── Supplied entries ──
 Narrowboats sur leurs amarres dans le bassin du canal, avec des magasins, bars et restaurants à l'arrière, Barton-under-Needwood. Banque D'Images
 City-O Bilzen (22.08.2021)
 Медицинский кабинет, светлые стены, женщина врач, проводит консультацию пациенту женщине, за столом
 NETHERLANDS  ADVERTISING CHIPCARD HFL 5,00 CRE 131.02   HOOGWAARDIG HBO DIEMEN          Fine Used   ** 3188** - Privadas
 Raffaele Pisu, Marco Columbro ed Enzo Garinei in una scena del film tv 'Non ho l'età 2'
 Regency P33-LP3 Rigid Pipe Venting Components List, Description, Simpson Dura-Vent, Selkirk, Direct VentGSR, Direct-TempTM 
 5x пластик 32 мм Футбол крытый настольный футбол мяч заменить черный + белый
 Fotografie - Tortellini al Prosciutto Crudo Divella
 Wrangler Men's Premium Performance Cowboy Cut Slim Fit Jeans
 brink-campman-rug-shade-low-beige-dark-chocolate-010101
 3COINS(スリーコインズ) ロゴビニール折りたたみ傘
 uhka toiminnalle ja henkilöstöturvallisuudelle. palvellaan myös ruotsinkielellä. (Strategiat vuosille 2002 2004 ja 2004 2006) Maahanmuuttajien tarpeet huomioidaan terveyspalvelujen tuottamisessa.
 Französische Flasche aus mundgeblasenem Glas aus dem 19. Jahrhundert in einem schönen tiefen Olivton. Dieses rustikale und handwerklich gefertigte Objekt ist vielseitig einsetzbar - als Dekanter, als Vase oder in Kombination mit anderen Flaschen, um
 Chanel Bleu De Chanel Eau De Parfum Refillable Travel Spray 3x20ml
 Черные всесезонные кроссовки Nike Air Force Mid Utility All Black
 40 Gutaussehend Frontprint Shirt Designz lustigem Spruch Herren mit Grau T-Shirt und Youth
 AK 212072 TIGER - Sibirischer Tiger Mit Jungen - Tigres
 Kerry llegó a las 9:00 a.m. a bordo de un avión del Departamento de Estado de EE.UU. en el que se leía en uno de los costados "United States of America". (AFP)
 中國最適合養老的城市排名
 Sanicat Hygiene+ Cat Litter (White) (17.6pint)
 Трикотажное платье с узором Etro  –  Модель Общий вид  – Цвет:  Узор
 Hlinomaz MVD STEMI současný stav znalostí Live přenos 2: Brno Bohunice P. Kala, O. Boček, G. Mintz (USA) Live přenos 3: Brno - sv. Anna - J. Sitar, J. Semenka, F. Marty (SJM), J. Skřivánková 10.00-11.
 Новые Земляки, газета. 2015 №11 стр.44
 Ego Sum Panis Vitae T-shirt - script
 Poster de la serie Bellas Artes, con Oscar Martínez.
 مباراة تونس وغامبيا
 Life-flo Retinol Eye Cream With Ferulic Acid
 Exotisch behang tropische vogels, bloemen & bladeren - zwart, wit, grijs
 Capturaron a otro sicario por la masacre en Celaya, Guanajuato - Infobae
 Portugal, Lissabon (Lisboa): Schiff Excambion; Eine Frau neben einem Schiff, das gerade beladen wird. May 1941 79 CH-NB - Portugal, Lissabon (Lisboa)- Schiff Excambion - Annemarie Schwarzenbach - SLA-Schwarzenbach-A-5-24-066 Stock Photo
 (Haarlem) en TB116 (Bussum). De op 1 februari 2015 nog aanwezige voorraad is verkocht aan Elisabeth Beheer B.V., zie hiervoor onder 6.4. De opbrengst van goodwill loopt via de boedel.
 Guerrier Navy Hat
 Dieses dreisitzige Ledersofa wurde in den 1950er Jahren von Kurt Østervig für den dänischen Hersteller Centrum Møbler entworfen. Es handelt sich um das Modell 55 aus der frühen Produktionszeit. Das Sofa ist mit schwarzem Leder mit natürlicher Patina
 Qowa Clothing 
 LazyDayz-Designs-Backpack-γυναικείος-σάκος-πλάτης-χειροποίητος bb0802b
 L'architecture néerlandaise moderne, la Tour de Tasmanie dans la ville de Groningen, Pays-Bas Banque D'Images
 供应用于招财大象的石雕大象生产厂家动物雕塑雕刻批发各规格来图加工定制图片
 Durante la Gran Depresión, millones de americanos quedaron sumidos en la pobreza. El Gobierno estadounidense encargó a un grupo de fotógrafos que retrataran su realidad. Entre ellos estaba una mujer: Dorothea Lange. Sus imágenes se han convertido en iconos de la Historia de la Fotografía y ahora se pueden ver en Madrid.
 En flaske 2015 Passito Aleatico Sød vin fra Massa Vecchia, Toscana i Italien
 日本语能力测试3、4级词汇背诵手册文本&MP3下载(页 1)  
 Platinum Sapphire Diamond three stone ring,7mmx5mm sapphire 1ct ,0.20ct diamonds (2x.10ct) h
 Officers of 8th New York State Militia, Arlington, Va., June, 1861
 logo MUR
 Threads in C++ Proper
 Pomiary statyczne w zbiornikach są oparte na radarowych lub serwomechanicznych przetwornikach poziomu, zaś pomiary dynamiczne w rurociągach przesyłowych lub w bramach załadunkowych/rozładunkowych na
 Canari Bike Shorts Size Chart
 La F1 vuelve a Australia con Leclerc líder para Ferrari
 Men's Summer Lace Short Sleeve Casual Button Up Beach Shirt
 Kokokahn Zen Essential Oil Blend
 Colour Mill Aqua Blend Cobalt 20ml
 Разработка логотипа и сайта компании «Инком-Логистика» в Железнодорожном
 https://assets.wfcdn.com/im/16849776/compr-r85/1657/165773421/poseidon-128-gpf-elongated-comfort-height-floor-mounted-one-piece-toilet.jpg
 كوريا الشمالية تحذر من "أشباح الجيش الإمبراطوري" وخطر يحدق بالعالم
───
▶ **What you need to do**: Quote exactly the lines running from the start of the listing above through the line where "3188** - Privadas" is found, and output no other lines.

▶ **Result of the exercise**:
 Narrowboats sur leurs amarres dans le bassin du canal, avec des magasins, bars et restaurants à l'arrière, Barton-under-Needwood. Banque D'Images
 City-O Bilzen (22.08.2021)
 Медицинский кабинет, светлые стены, женщина врач, проводит консультацию пациенту женщине, за столом
 NETHERLANDS  ADVERTISING CHIPCARD HFL 5,00 CRE 131.02   HOOGWAARDIG HBO DIEMEN          Fine Used   ** 3188** - Privadas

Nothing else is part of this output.